January 9, 2013 at 8:04 am
julian.fletcher (1/9/2013)
The client's database has a nightly maintenance job to reindex.
May not be frequent enough. May not update the stats needed.
Does SQL try to do something 'clever' with "If A Or B" that it can't do with "If A Else If B"? But if it's "just one of those (performance) things", so be it and thanks for your time!
No, other than the fact that B doesn't have to be run in the second case if A is true.
No this is not 'one of those performance things and so be it'. There will be a reason here, it's not obvious from just seeing an abstraction of the code. I asked for the plans and the wait types to try and ID why and tell you why. It's not a plain case of 'anyone who uses OR is an idiot'
Gail Shaw
Microsoft Certified Master: SQL Server, MVP, M.Sc (Comp Sci)
SQL In The Wild: Discussions on DB performance with occasional diversions into recoverability
January 9, 2013 at 8:06 am
Thanks, that makes perfect sense, but I forgot to mention that neither condition A or B were met when the code was run, which means that both A and B would have been evaluated.
Hence my confusion.
January 9, 2013 at 8:16 am
julian.fletcher (1/9/2013)
The client's database has a nightly maintenance job to reindex.Really, I was just wondering if there was a well known reason why
If A Or B
{Something}
might be massively slow while
If A
{Something}
Else If B
{Something}
is lightning fast. Does SQL try to do something 'clever' with "If A Or B" that it can't do with "If A Else If B"? But if it's "just one of those (performance) things", so be it and thanks for your time!

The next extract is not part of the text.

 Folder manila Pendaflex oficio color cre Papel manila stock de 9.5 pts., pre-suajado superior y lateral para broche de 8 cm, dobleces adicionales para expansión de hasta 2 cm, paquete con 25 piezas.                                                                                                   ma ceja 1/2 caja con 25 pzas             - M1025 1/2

I depends on how the optimizer decides to implement the OR predicate.
In fact it's not "If A or B" as you say here, but it's "If EXISTS(SomeQuery) OR EXISTS(SomeQuery)" and it makes a whole lot of difference.

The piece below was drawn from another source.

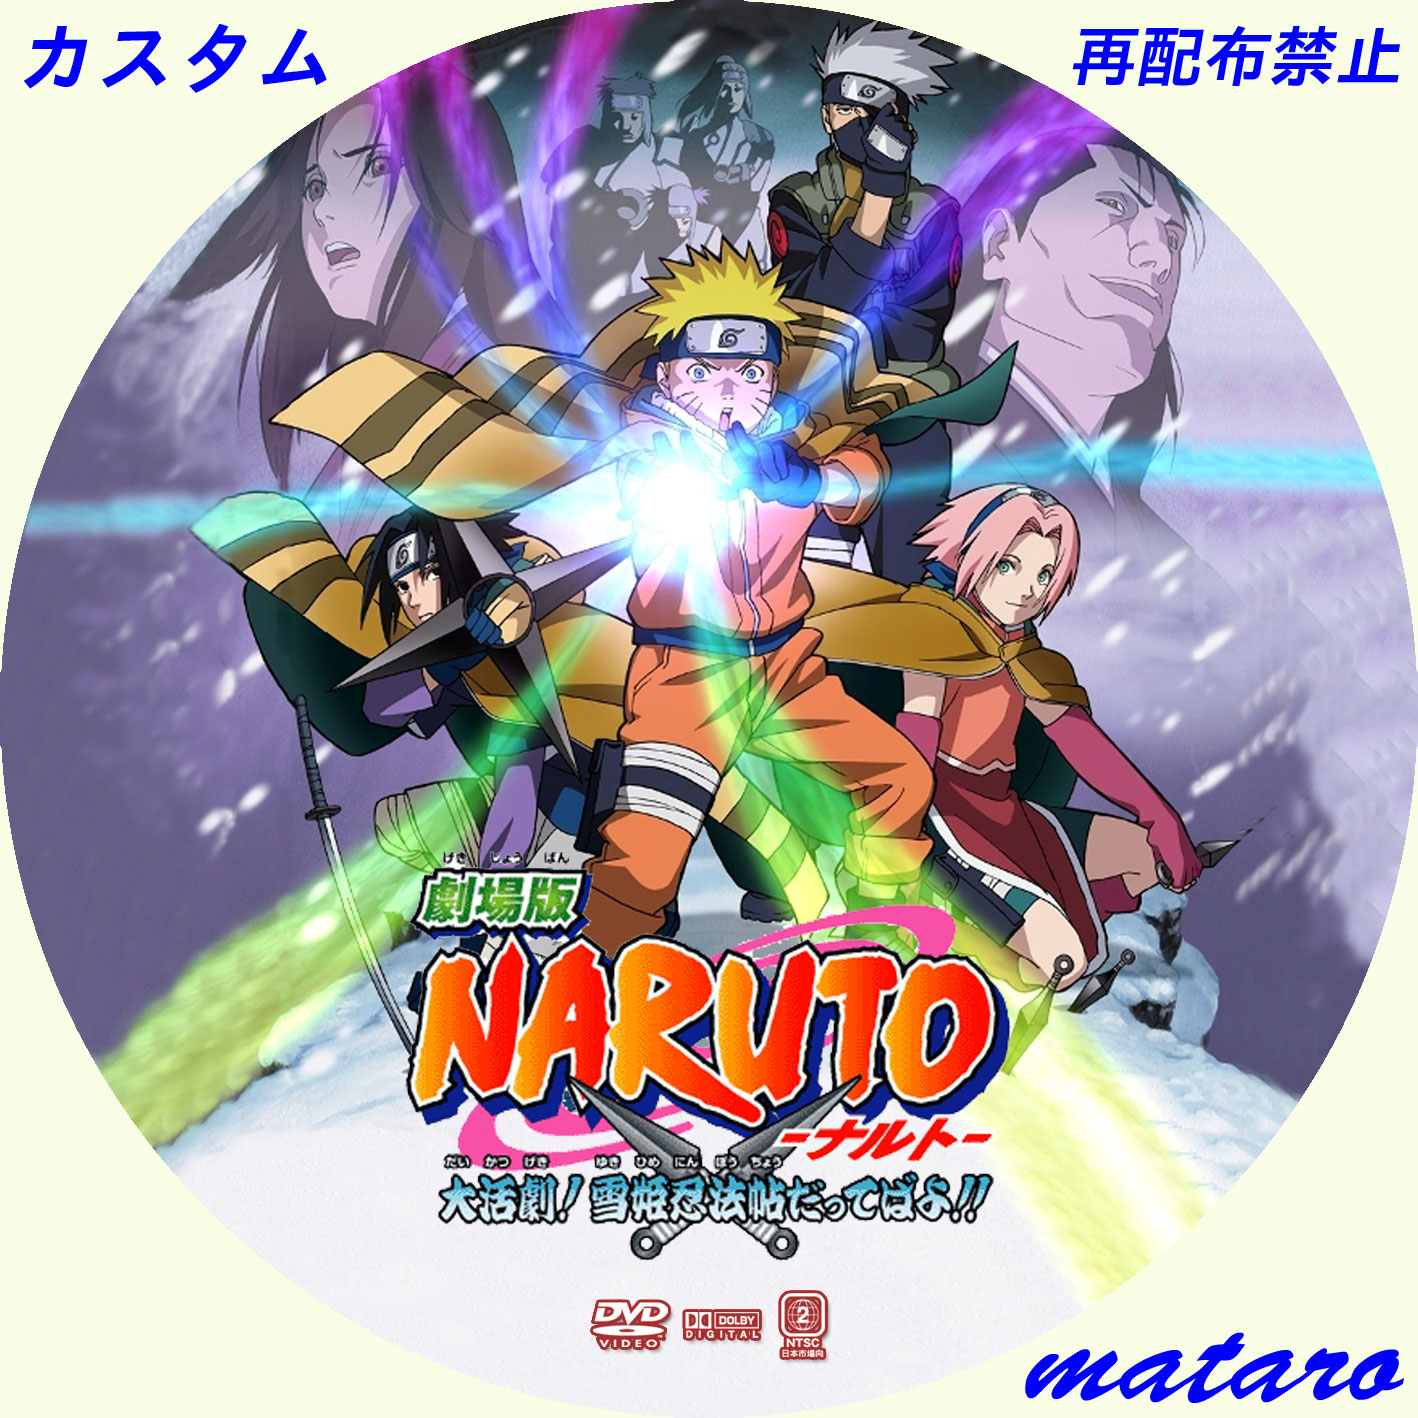 劇場版 Naruto ナルト 疾風伝 絆 完全生産限定版 アニプレックス 最安値 篠田カリモクのブログ

As Kevin said, the optimizer has no concept of short-circuiting and has to build a plan that evaluates all the expressions, regardless of whether they might (marginally) benefit from short-circuiting.
Take this simple query as an example:
IF EXISTS (
SELECT 1
FROM sys.objects
WHERE name = 'spt_values'
)
OR EXISTS (
SELECT 1
FROM spt_monitor
WHERE connections > 0
)
BEGIN
PRINT 1
END
The execution plan it produces on my laptop (2008R2SP2) is the following:
As you can see, the "OR" is implemented using a concatenation operator. The COND WITH QUERY can exit (and somehow short-circuit) as soon as the first result comes in from the (concatenation + nested loop), but in your case the optimizer might have implemented the "OR" with a blocking operator.
It would be great if you could post the execution plan and confirm it.
-- Gianluca Sartori
January 9, 2013 at 8:39 am
julian.fletcher (1/9/2013)
Thanks, that makes perfect sense, but I forgot to mention that neither condition A or B were met when the code was run, which means that both A and B would have been evaluated.Hence my confusion.
Now we DEFINITELY need the query plans (and I would like statistics IO ON output too) from each scenario. No other way to know what is happening. But it surely seems logical that a different plan is being created between the two query sets.
Hmm, another possible explanation (although unlikely assuming this is a repeatable scenario) is that the first query was simply blocked for a extended period and when you crafted the second and ran it the blocking lock wasn't in play.
Best,
Kevin G. Boles
SQL Server Consultant
SQL MVP 2007-2012
TheSQLGuru on googles mail service
January 10, 2013 at 3:59 am
I think that's it! I should have realised that there would be one execution plan for the "If Exists () Or Exists ()" statement rather than two.
If I have the chance, I'll try to get execution plans but, given it's on a client's live database (and, so far, it's not been reproducible here, even with a restore of their database), this is unlikely.